21:30 jeluf: power cycled ragweed once again

January 3

04:34 brion: set amane's hardware clock to UTC, was on US mountain time
04:31 brion: load seems to have stabilized, things seem to be working
04:28 brion: colo rebooted amane. it seems to be working now, but gettings lots of hangs and things on main web
- still waiting to fudge stuff
03:09 amane seems to be dead; hangs on http, ssh; pings though
- was able to root-ssh in, /home mount was hung. unmounted, remounted, restarted lighty; now dead again, but no longer accepting ssh and NFS server is also dead. site is down
02:33 Tim: Thousands of pdns_control processes started by crond were running on zwinger, stuck waiting for a hung pdns_server process. Fixed.

January 2

19:50 Domas: putting holbach into dewiki only operation

January 1

20:22 Tim: starting refreshLinks.php
19:10 Tim: putting templatelinks code live. Schema update finished a few hours ago.
16:30 ævar: Got into tingxi, it's mysql gone wild, ~50 load, trying to contact the mysql server which isn't working with all the load..
~15:55 ævar: tingxi is superloaded (or something) and isidore might be as well (might be using that for the SQL, not sure), as a result fundraising.wikimedia.org is down.

$ ssh tingxi "uptime"
16:03:18 up 124 days, 23:18, 0 users, load average: 78.62, 75.26, 72.74

..I haven't been able to open a normal shell...

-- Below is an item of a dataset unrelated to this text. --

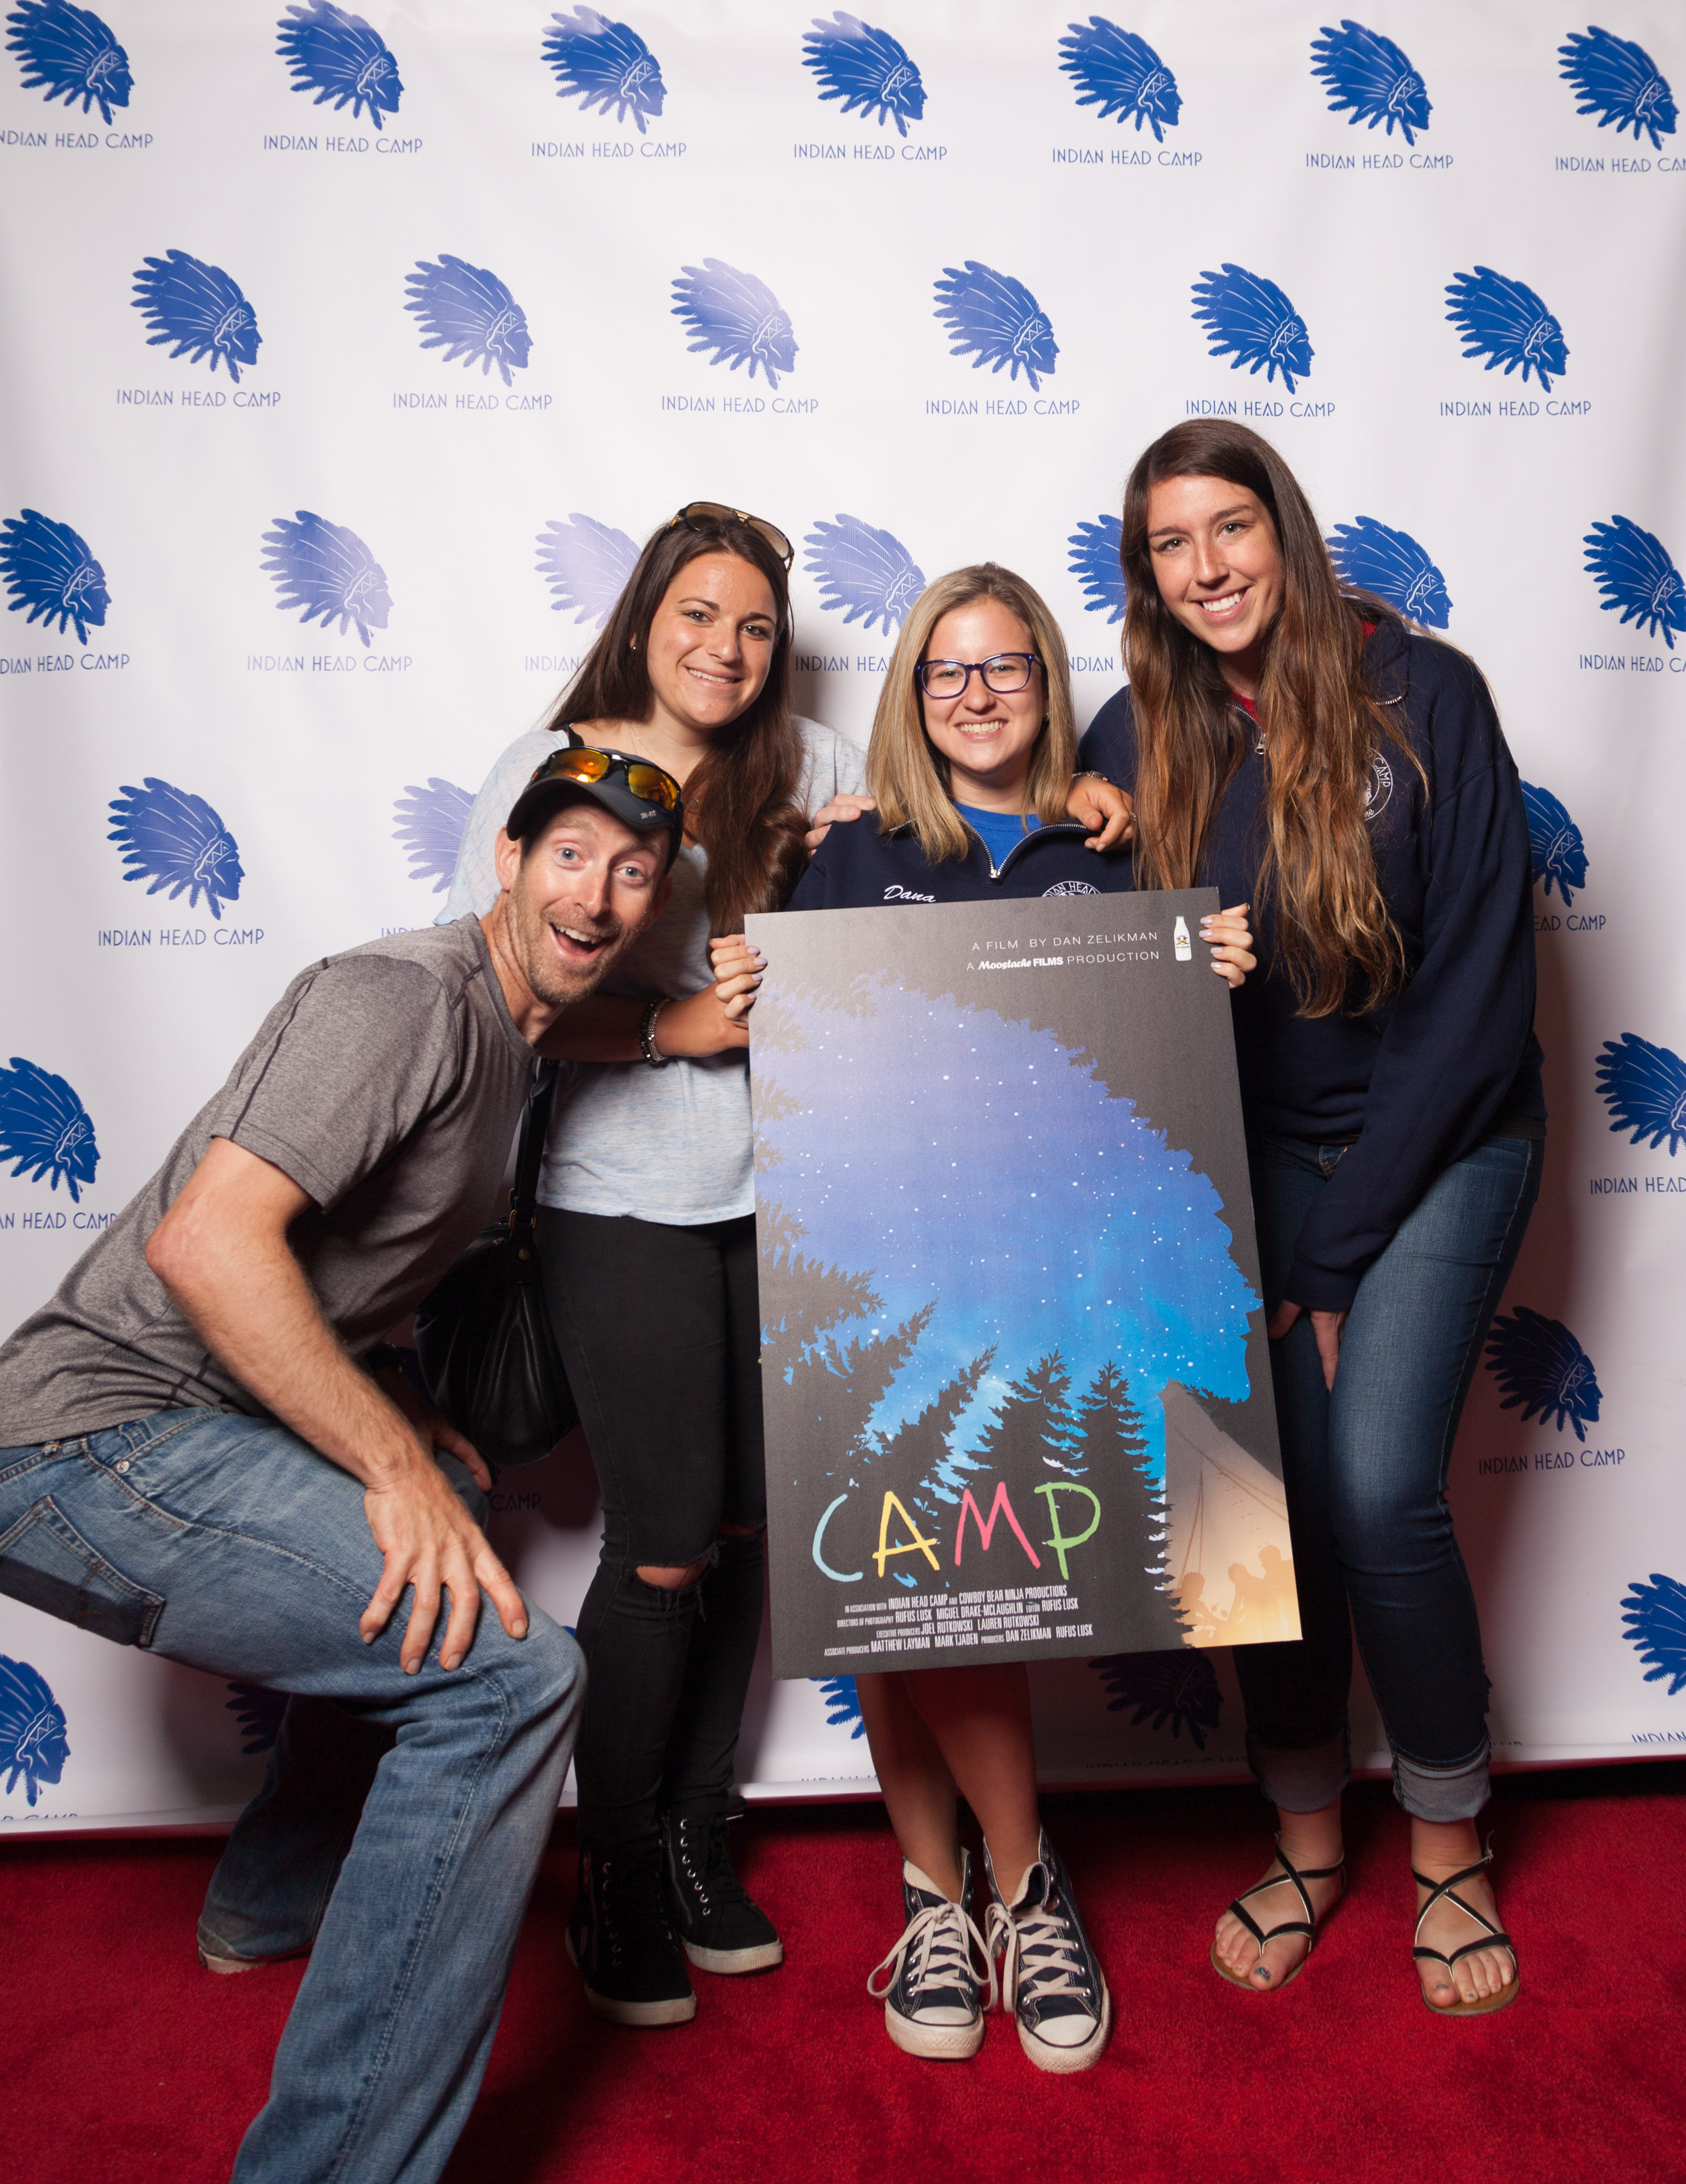 Producer Mark Tjaden with Dani Cohen, Dana Putterman, and Jessica Knysz at the premier of Camp at the Tarrytown Music Hall in New York.
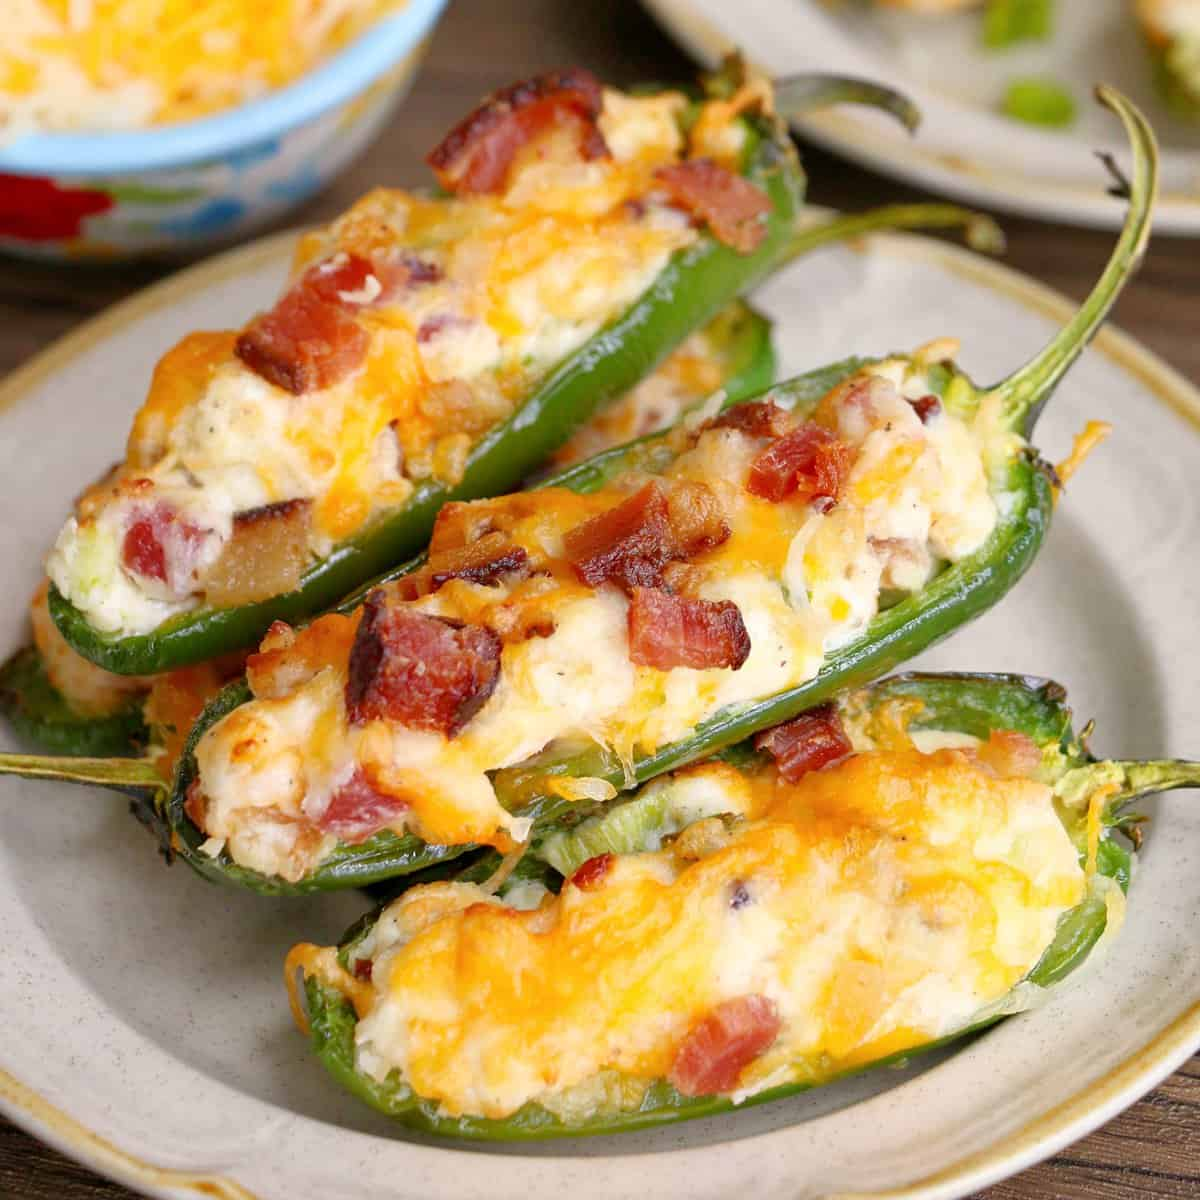 Jalapeno Poppers - Stuffed with Cream Cheese, Topped with Cheese and Bacon, a Spicy and Cheesy Delight for Brisket

12:00 Tim: gave Datrio steward access on jawiki
10:11 Solar: failed drive repaired on sq7, up on /d

December 31

06:40 brion: adding en2 to dns aliases

December 30

18:55 brion: added the one-time donation form to [4] by mav's request
18:30 brion: set up private board wiki
15:00 brion: banned another leech

December 29

16:00 mark: ~~Resized RRDs (of Cricket/ http://noc.wikimedia.org/stats.php ) to store more than 4 months of data...~~ Rolled back. As always with rrdtool, there were "issues"... Sigh.
15:55 brion: added https://bugzilla.wikimedia.org/ SSL alias

December 28

22:30 jeluf: replaced ssl certificate on https://tickets.wikimedia.org/
21:19 brion: running cleanupCaps on zhwiktionary; changed the caps setting a few hours ago (bugzilla:4351)
10:10 brion: killed a leech
- srv5 is alive, but not yet configured. host key has changed, local login keys not installed. this may be an annoyance during squid updates.
Jamesday: gzipped binary logs on Adler; still need to be moved to long term storage. Now has 57GB/18 days of space for binary logs.

December 26

11:49 brion: hacked RecentChange.php so the IRC output uses getInternalUrl(), so https urls don't go into the irc stream and confuse things
- correct solution may be to add another level, 'getPrimaryUrl' or something. or else declare 'internal' to mean 'external' ;)
08:30 brion: added goeje's new ip to ourusers for adler
07:22 brion: set 'reupload' permission off for regular users, on for autoconfirmed users (older accounts) in response to persistent upload vandalism

December 25

23:12 ævar: Installed a new special page extension, Special:Filepath, redirects user agents to the full path of a file like this.
22:57 ævar: Ran scap
14:27 mark: Partially set up sq1, but got frustrated by all the yum / Fedora crap.
13:11 brion: left goeje waiting for a reboot on kernel upgrade; shutdown is hanging on an nfs unmount which should eventually time out.
- apache 2.2 is installed, need to set up php and that start experimenting with stuff
- need to take goeje out of apache nodegroup, but *not* mediawiki_installation
12:13 brion: moved goeje to vlan 1, on 207.142.131.221
11:30 brion: I'm going to reassign webster's external IP to one of the old 512 mb apaches and use it as an experimental https server for secure logins to the wikis
04:33 Solar: sq7 is up at 10.0.3.7, but it is missing one drive at /d, RMA requested
04:15 Solar: srv5 is back up with a fresh FC3
04:00 Solar: srv71-80 are up at 10.0.2.71-80
02:26 Solar: srv57 and srv61 are back up
02:14 Solar: sq3 is up at 10.0.3.3
01:54 ævar: Installed a debuglog for Cite on enwiki to debug a whitespace generating problem I can't reproduce locally, even with tidy.
~00:45 ævar: Installed extensions/Cite/Cite.php site-wide, doesn't appear to be working on yaseo, as in <ref> & <references> just shows up as if the extension wasn't defined, even though it's required_once in CommonSettings.php on amaryllis, is it using some other system now?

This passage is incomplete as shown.